*Task description*
Copy out all of the data word for word. Omit every picture.
Available data Start Marker
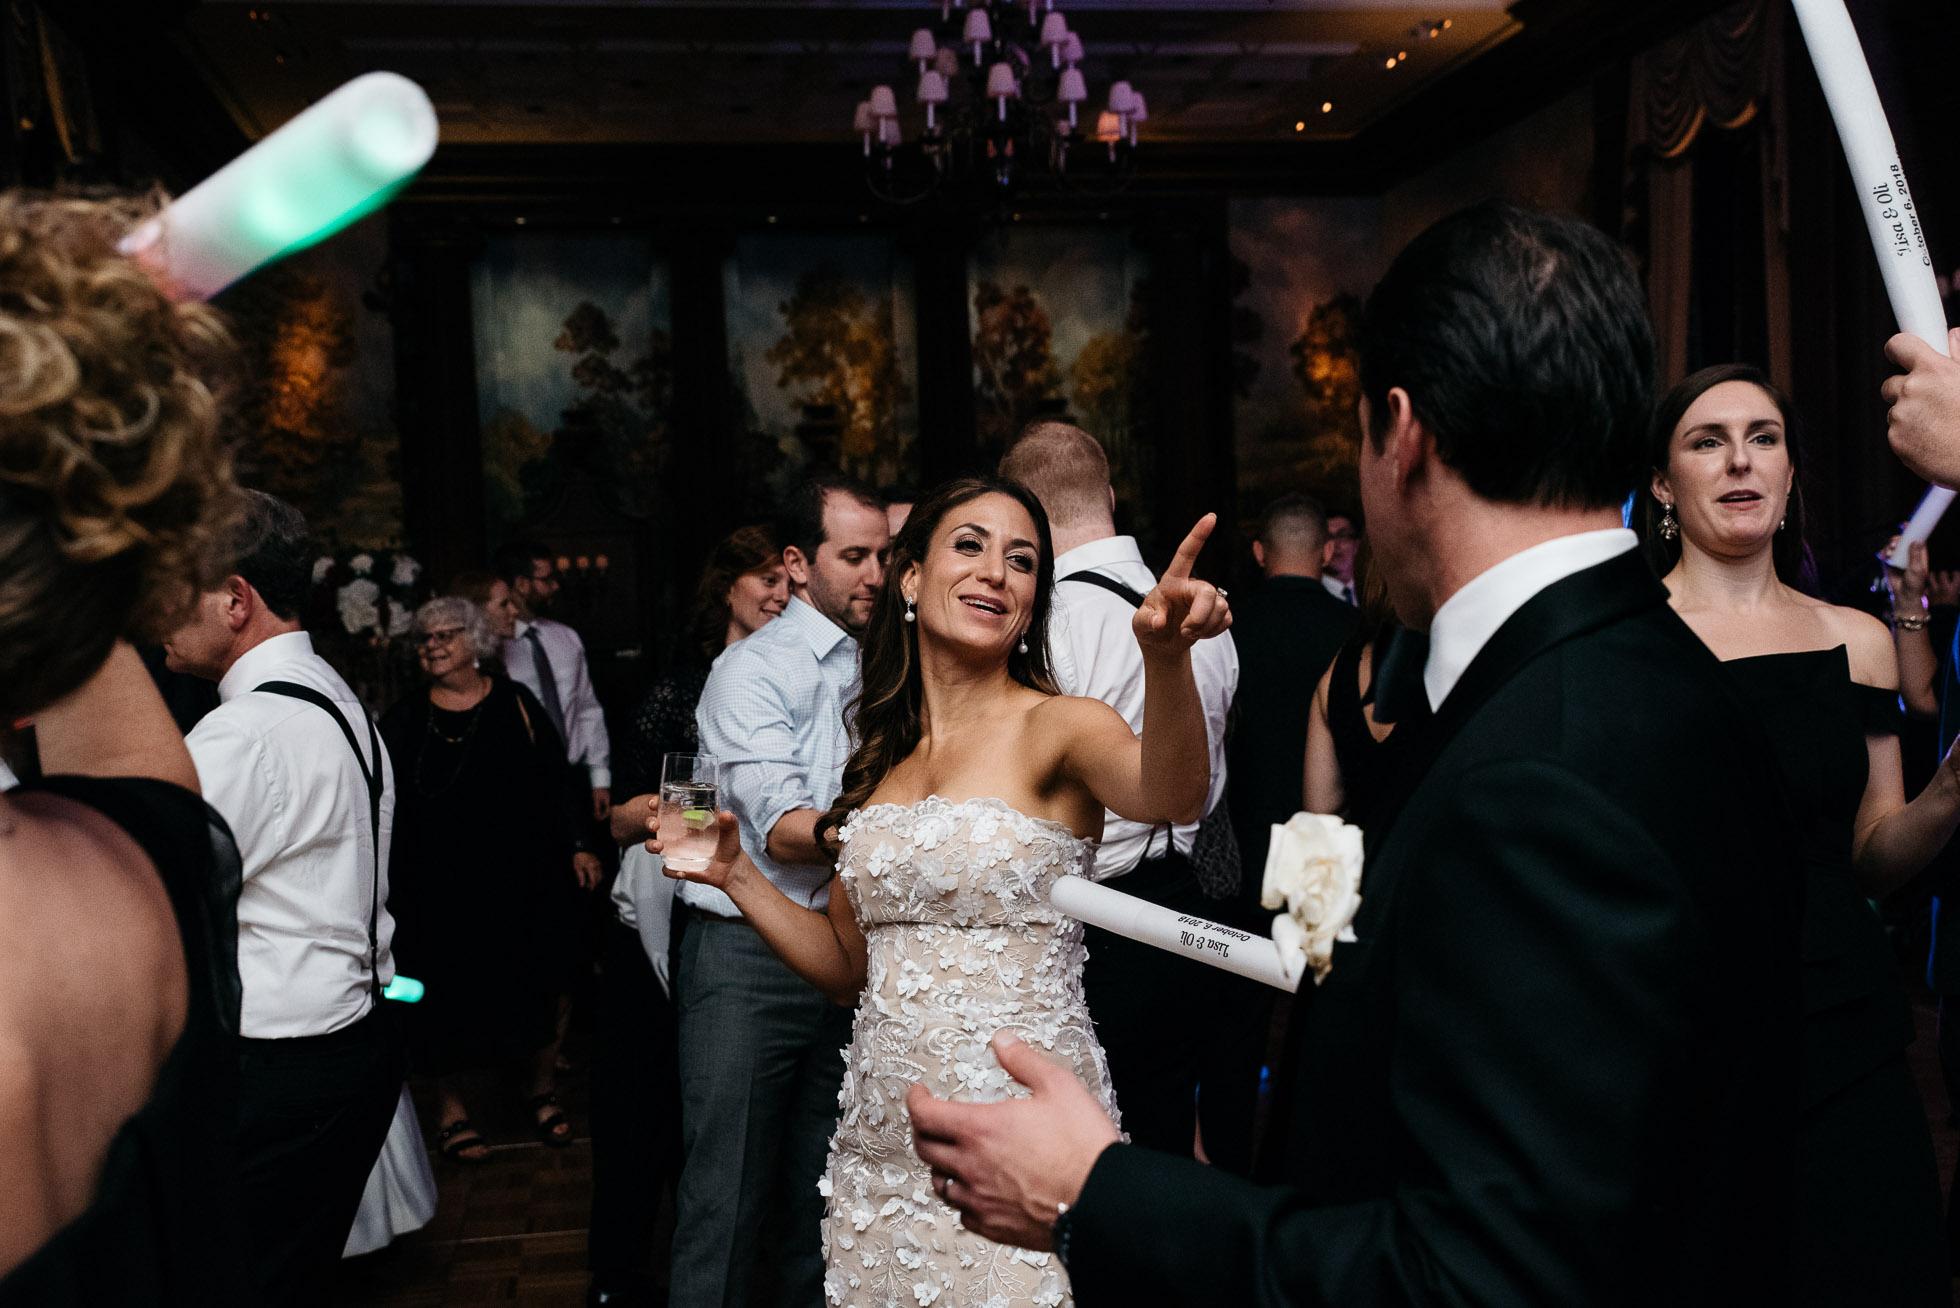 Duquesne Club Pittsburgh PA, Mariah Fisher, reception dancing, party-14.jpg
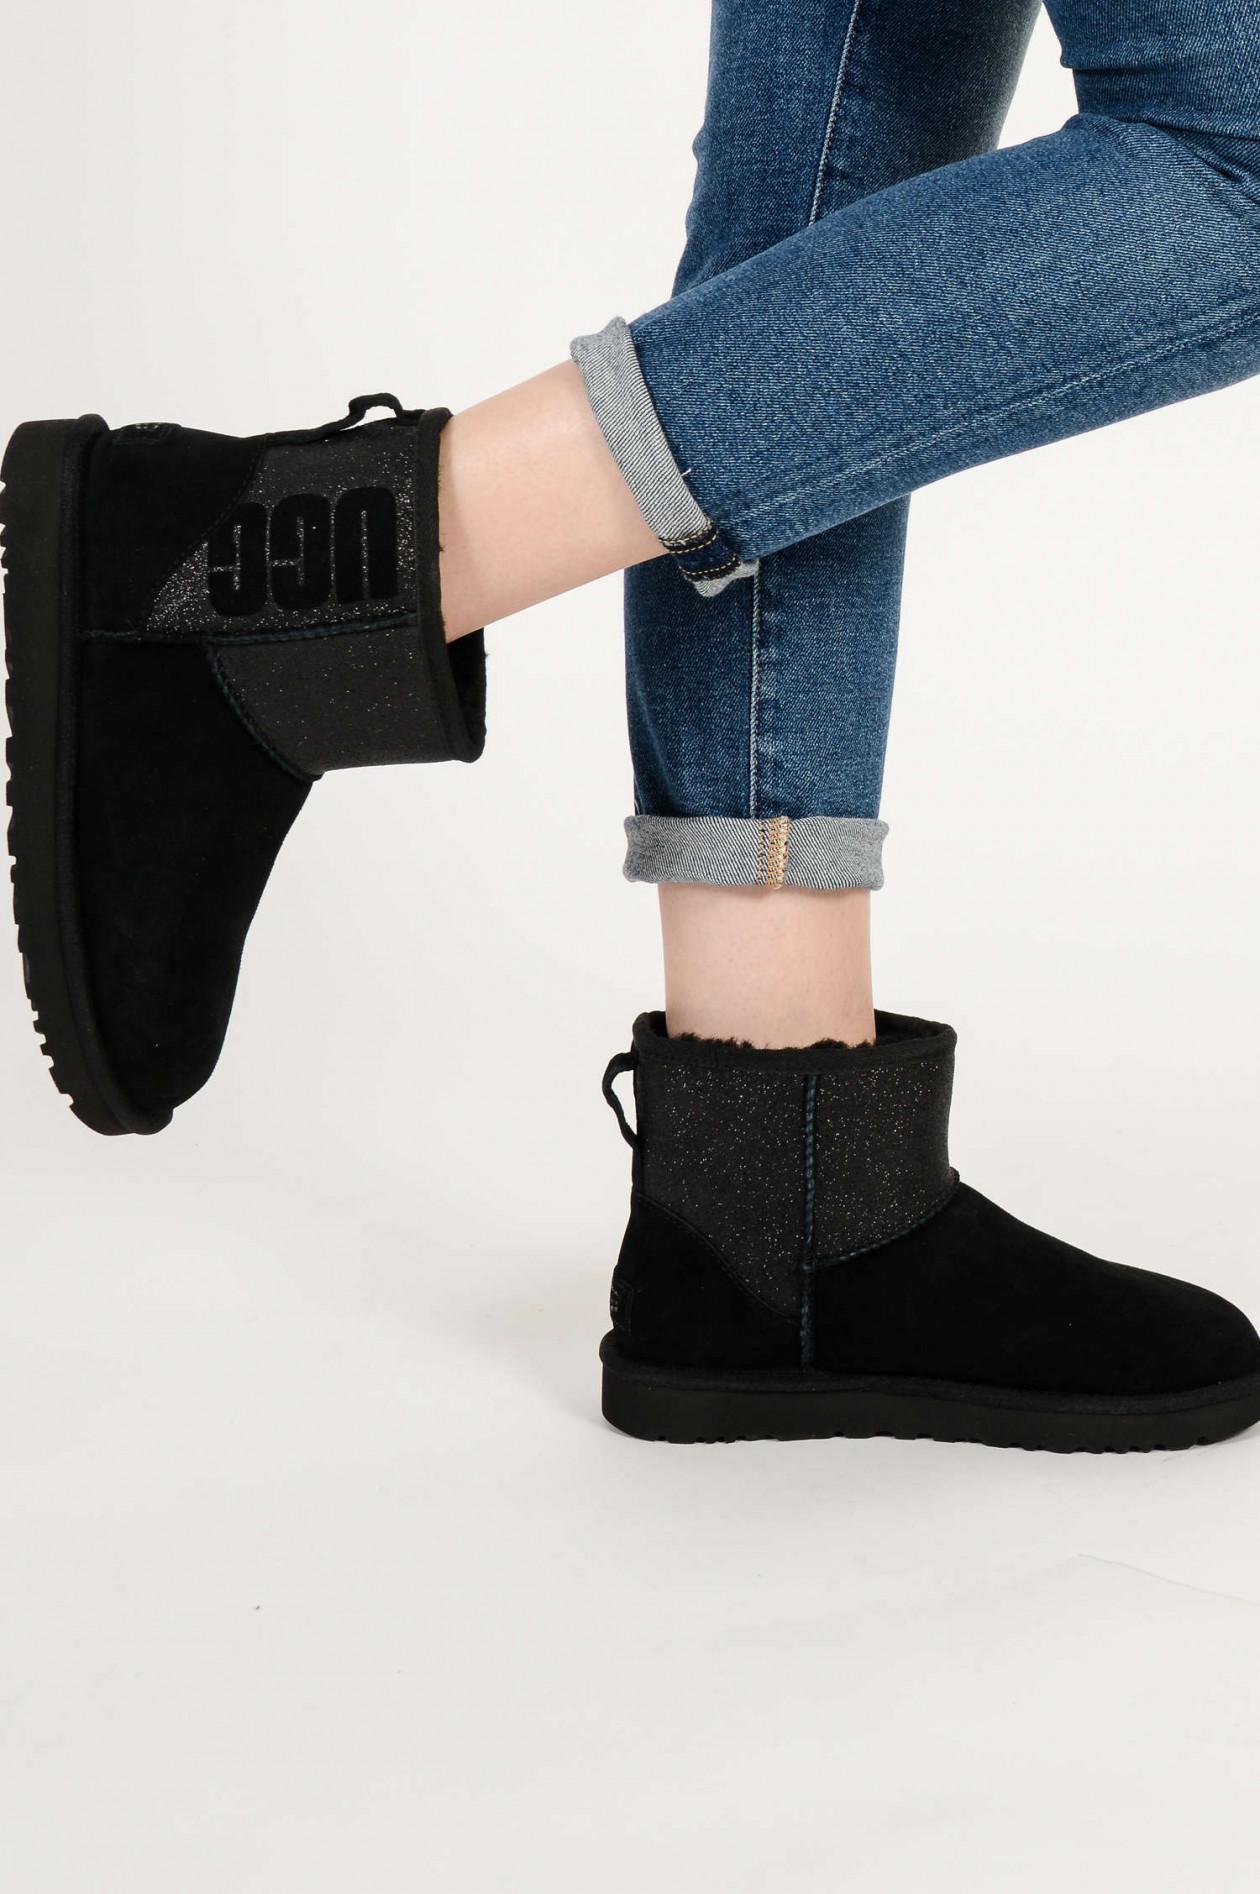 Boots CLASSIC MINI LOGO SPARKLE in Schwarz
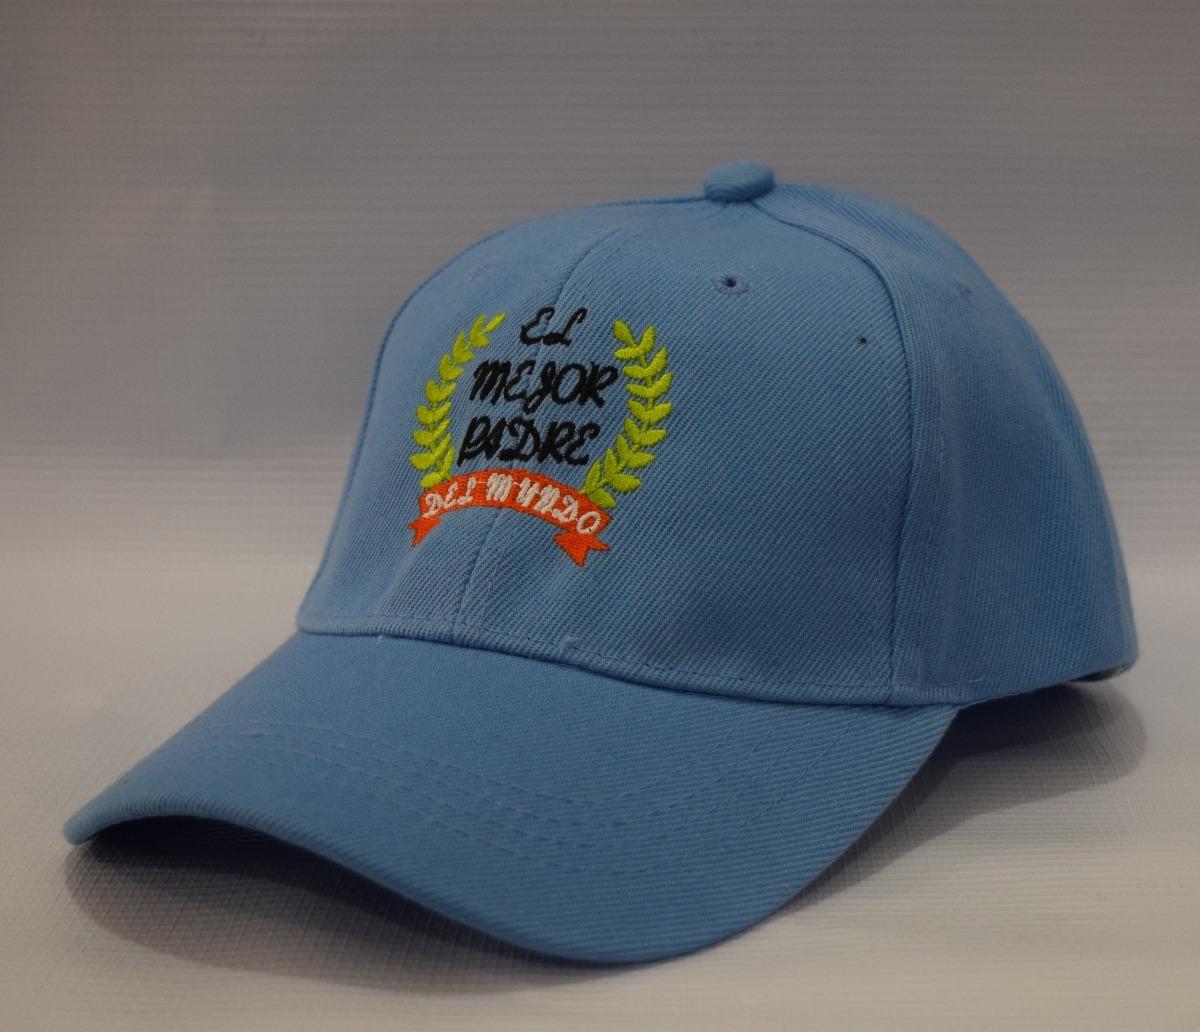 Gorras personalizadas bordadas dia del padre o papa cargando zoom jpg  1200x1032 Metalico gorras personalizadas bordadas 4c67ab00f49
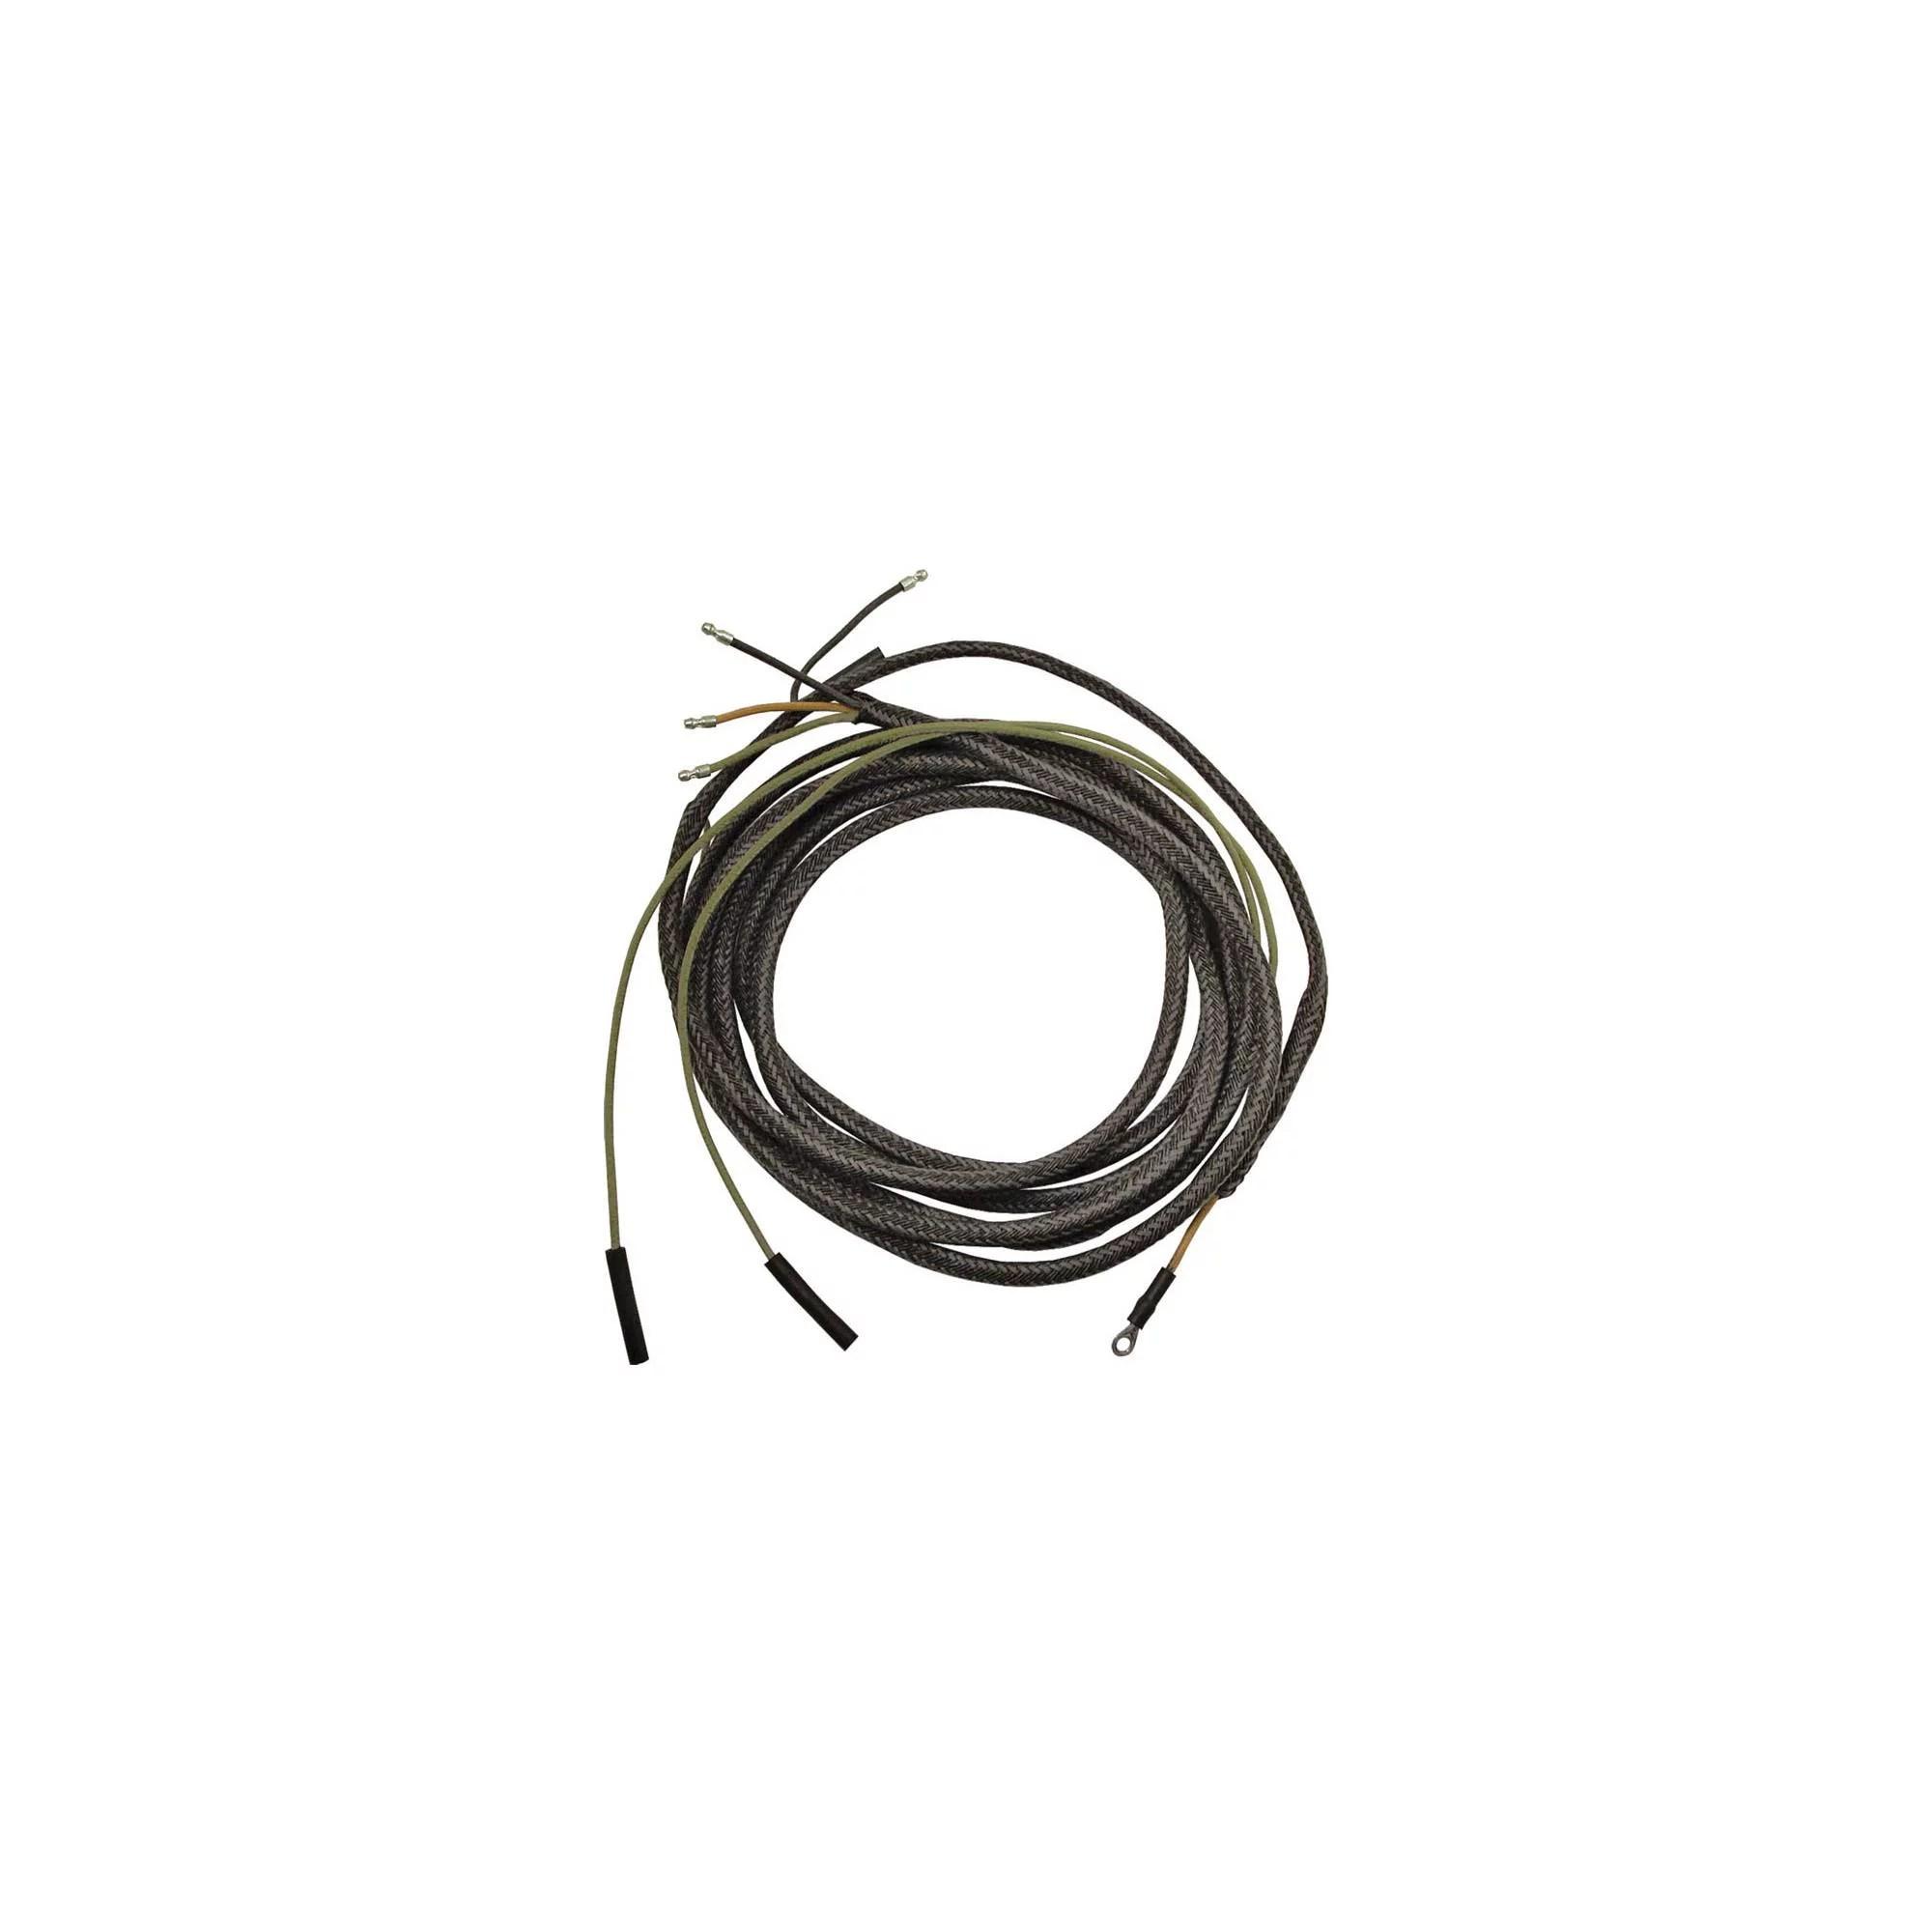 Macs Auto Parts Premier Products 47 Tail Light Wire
Available data End Marker
*Output below*
 Duquesne Club Pittsburgh PA, Mariah Fisher, reception dancing, party-14.jpg
 Boots CLASSIC MINI LOGO SPARKLE in Schwarz
 Gorras personalizadas bordadas dia del padre o papa cargando zoom jpg  1200x1032 Metalico gorras personalizadas bordadas 4c67ab00f49
 Macs Auto Parts Premier Products 47 Tail Light Wire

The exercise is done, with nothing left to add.